The airflow limitation is usually progressive and associated with an abnormal inflammatory response of the lung to noxious particles or gases.
FEV1/FEV is >80 % in COPD.T/F
False
COPD is a lung disease characterized by airflow limitation (FEV1/FVC ratio of less than 70%) that is not fully reversible (FEV1 increase of 200 ml and 12% improvement above baseline FEV1 following administration of either inhaled corticosteroids or bronchodilators).
FEV1 increase of 200 ml and 12% improvement above baseline FEV1 following administration of either inhaled corticosteroids or bronchodilators are suggesting of COPD. T/F
False
It is suggestive of Asthma (reversible obstruction)
COPD comprises of 2 predominant conditions:…
Chronic bronchitis and Emphysema
define chronic bronchitis
Chronic Bronchitis is defined as a productive cough for 3 months in each of 2 successive years in a patient whom other causes of chronic sputum has been excluded.
define the emphysema
Emphysema is defined as the presence of enlargement of airspaces distal to the terminal bronchioles or acinus with destruction of their walIs without obvious fibrosis.
what is the epidemiology of COPD?
• COPD affects >10% of the population of the USA; 200 million people worldwide
• Objective evidence of persisting and irreversible airflow obstruction
• Affects 14% of male smokers versus 3% of non- smokers (i.e smoking is not the only cause of COPD!)

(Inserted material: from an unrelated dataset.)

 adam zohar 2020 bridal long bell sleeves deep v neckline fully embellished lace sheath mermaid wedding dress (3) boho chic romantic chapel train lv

• COPD is the fourth leading cause of death in western world
• The only common cause of death increasing in incidence
–Sex: 3:2 male/female ratio
–The third most common cause of death worldwide
–Prevalence: 6%
at what FEV value symptoms start to occur?
- Accelerated decline in forced expiratory volume in 1 second from the normal rate in adults over 30 years of approximately 30 – 60 ml per year.

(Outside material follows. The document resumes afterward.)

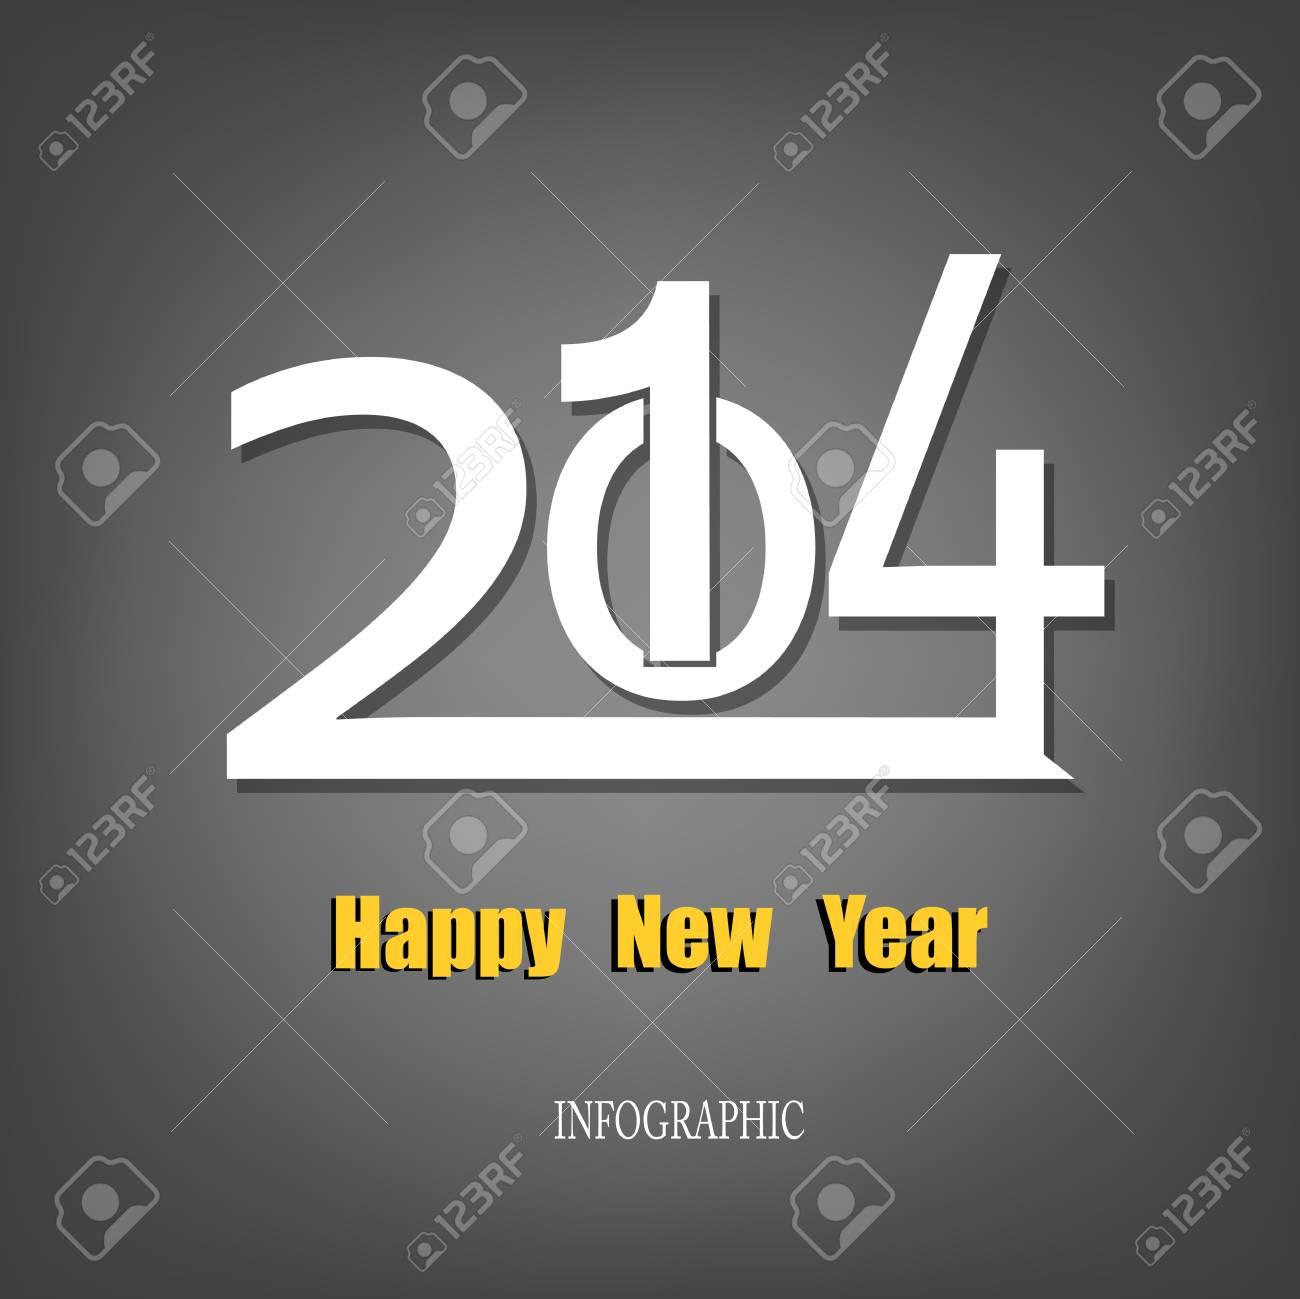 Creative Happy New Year 2014 Infographic Calendars Vector Stock Vector - 22951497

- Initially asymptomatic but lung function is deteriorating
- Symptoms occur once FEV is < 50% predicted
what are the causes of COPD?
• 90% of cases occur in chronic smokers
• 25% of heavy smokers have chronic bronchitis
• Age: high risk
• Environment: urban > rural
– Air pollutants including sulfur dioxide, nitrogen dioxide
• Dusty occupations (coal, quartz, silica, welding)
• Passive smoking
• Low birth weight; chest infections in the first year of life (eg adenovirus)

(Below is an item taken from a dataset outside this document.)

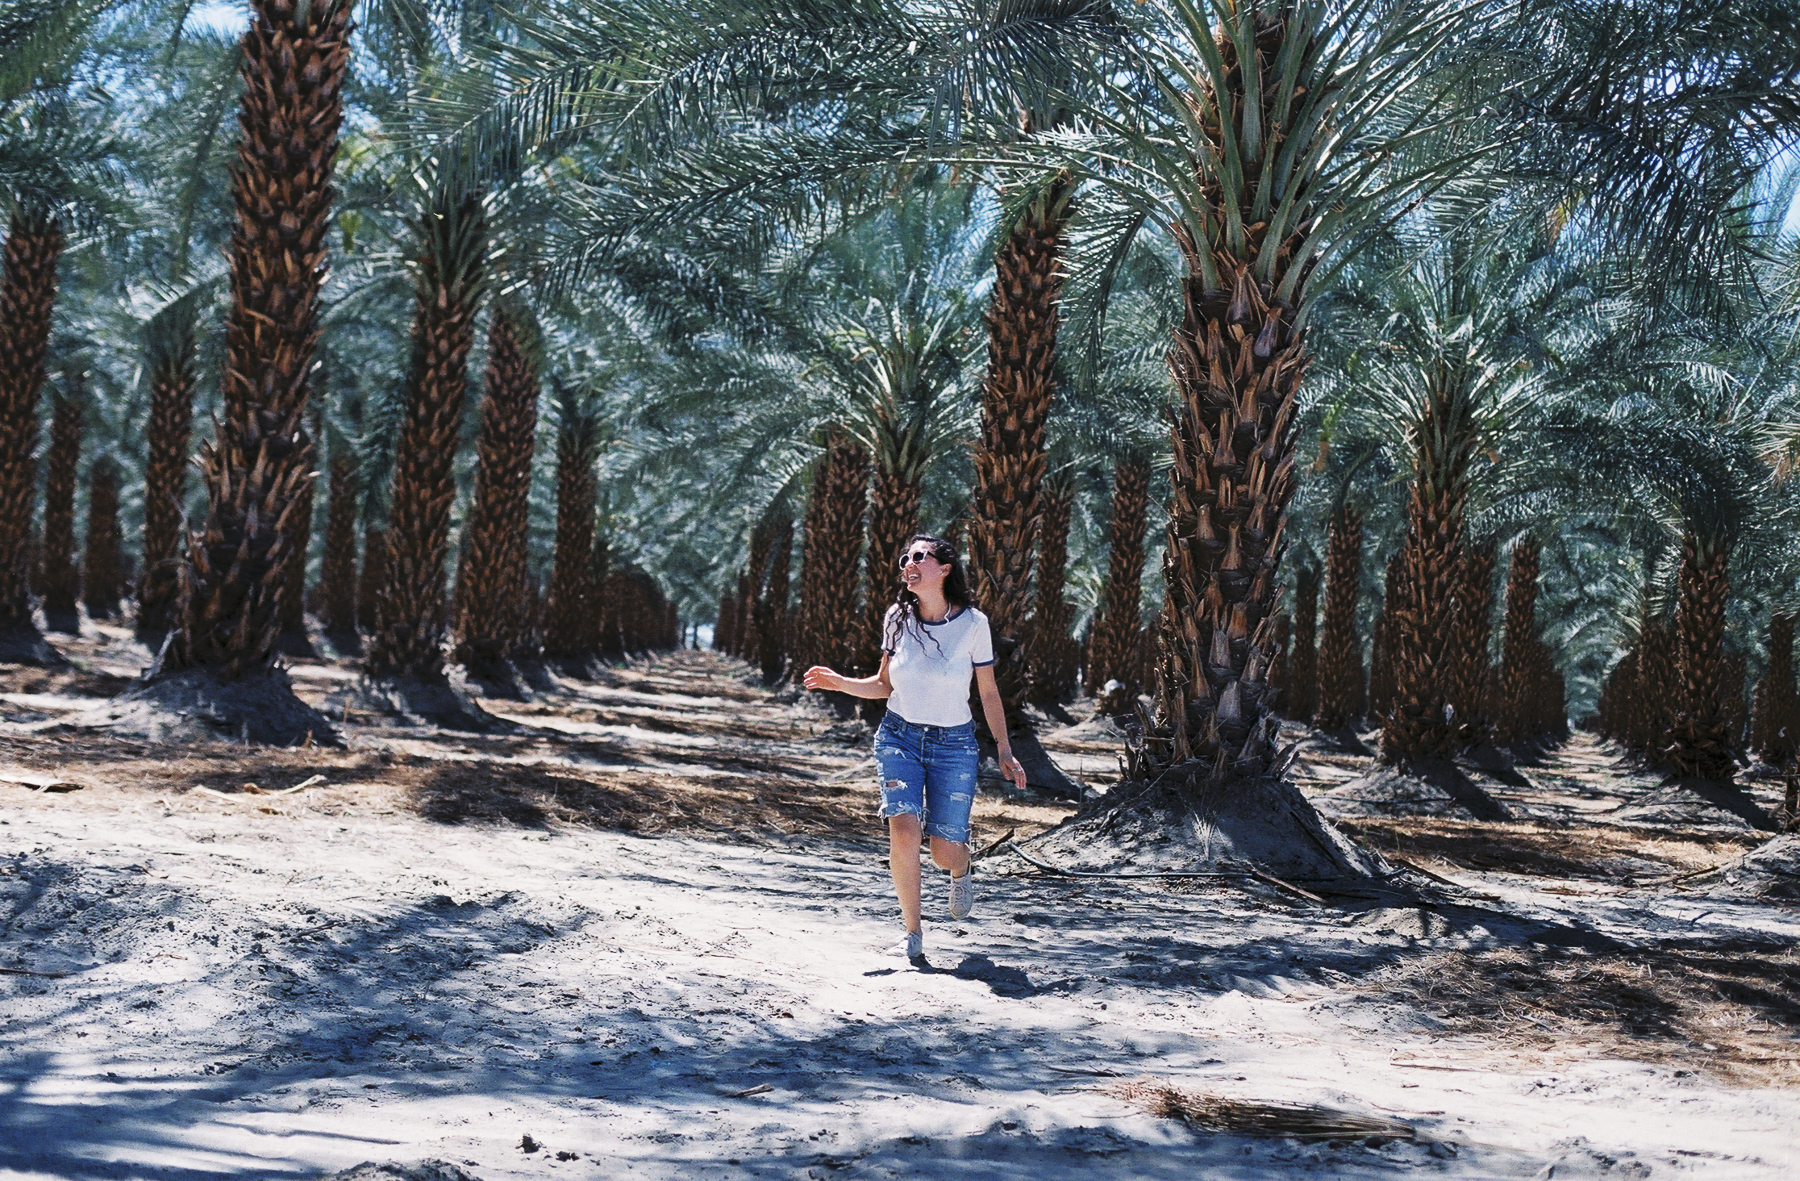 A weird palm tree farm we passed.

besides smoking, air pollutants also cause COPD. T/F
True
- -Air pollutants including sulfur dioxide, nitrogen dioxide
- -Dusty occupations (coal, quartz, silica, welding)
- -onorganic dust: such as industrial bronchitis in coal miners
- -Organic dust: ↑ incidence of COPD in areas where biomass fuel (e.g., wood, animal dung) is regularly burned indoors
does passive smoking increase the risk of COPD?
Yes
If precautions against smoke exposure not taken, those who live in close proximity to smokers (e.g., children, relatives) have a significantly higher risk of COPD. The risk of asthma progressing to COPD also increases with exposure to smoke.
Low birth weight; chest infections in the first year of life (eg adenovirus) can result in COPD.T/F
True
The lower the birth weight, the higher the risk of developing COPD.
what is the main causative factor of COPD?
Smoking is the main cause of COPD, but only one in five smokers is affected, so it is likely that a genetic predisposition also plays a role in development of the disease.
what are the endogenous factors increasing the risk of COPD?
- -α1-Antitrypsin deficiency
- -Antibody deficiency syndrome (e.g., IgA deficiency)
- -Primary ciliary dyskinesia (e.g., Kartagener syndrome)
The defining feature of chronic bronchitis is that mucus hypersecretion is primarily a reflection of alveolar involvement. T/F
False
bronchial involvement
what is the cause of airflow limitation in chronic bronchitis?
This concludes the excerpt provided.